Excerpts from a dataset:
Content starts

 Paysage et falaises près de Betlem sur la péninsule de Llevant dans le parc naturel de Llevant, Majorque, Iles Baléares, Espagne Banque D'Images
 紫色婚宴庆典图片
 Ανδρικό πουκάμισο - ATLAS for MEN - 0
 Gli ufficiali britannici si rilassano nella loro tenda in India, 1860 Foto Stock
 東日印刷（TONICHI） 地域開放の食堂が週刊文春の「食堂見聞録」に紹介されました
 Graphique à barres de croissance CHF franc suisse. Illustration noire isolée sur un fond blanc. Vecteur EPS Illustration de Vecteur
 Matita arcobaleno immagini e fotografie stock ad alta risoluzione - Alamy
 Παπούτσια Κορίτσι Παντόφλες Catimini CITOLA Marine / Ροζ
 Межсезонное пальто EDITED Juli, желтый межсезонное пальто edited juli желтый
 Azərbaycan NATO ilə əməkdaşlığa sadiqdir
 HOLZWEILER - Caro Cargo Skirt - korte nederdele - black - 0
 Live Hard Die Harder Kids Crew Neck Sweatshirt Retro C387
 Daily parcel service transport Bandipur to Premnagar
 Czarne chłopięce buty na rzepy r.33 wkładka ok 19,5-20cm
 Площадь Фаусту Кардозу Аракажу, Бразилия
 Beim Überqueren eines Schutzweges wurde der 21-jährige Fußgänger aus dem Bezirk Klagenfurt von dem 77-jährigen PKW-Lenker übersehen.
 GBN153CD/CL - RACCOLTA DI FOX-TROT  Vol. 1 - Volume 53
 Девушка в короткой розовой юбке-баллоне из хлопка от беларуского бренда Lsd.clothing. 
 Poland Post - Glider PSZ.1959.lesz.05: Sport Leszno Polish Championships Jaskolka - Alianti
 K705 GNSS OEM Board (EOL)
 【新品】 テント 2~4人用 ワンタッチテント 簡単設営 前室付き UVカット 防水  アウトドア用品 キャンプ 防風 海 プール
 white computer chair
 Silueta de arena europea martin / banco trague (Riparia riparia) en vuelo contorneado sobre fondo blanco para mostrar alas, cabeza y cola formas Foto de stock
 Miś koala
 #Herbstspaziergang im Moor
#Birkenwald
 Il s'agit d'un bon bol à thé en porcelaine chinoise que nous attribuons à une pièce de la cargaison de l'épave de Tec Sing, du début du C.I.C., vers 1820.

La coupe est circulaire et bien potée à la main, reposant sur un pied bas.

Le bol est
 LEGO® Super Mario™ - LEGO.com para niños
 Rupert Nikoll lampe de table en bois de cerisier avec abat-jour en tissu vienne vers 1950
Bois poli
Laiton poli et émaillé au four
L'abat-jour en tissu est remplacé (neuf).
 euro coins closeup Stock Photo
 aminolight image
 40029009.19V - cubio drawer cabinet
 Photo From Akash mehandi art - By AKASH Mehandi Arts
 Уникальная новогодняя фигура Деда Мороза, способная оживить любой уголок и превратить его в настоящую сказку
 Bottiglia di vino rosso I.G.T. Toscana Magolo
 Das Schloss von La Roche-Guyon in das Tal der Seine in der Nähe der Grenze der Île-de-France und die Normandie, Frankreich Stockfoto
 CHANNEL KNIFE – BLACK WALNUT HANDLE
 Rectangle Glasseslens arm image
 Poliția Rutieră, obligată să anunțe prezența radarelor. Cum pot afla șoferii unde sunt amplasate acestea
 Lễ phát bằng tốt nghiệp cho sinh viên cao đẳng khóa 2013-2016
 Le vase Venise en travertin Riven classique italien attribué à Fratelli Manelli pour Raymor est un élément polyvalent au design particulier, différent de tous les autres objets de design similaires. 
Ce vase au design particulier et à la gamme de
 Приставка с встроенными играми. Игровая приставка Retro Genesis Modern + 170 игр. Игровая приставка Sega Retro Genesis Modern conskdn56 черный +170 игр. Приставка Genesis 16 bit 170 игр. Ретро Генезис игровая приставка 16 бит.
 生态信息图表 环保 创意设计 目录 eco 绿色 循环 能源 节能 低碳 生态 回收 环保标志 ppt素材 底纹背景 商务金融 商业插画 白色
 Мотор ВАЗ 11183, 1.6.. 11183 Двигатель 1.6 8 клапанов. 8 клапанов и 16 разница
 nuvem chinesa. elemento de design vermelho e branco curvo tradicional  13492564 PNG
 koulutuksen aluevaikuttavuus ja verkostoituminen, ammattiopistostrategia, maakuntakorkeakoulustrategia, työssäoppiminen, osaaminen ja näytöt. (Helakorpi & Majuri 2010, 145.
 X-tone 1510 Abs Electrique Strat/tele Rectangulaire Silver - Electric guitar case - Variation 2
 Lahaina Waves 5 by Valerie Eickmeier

Content ends

**EXERCISE**.
If a line in the records above contains "abat", copy that line.

**RESPONSE**.
 Rupert Nikoll lampe de table en bois de cerisier avec abat-jour en tissu vienne vers 1950
L'abat-jour en tissu est remplacé (neuf).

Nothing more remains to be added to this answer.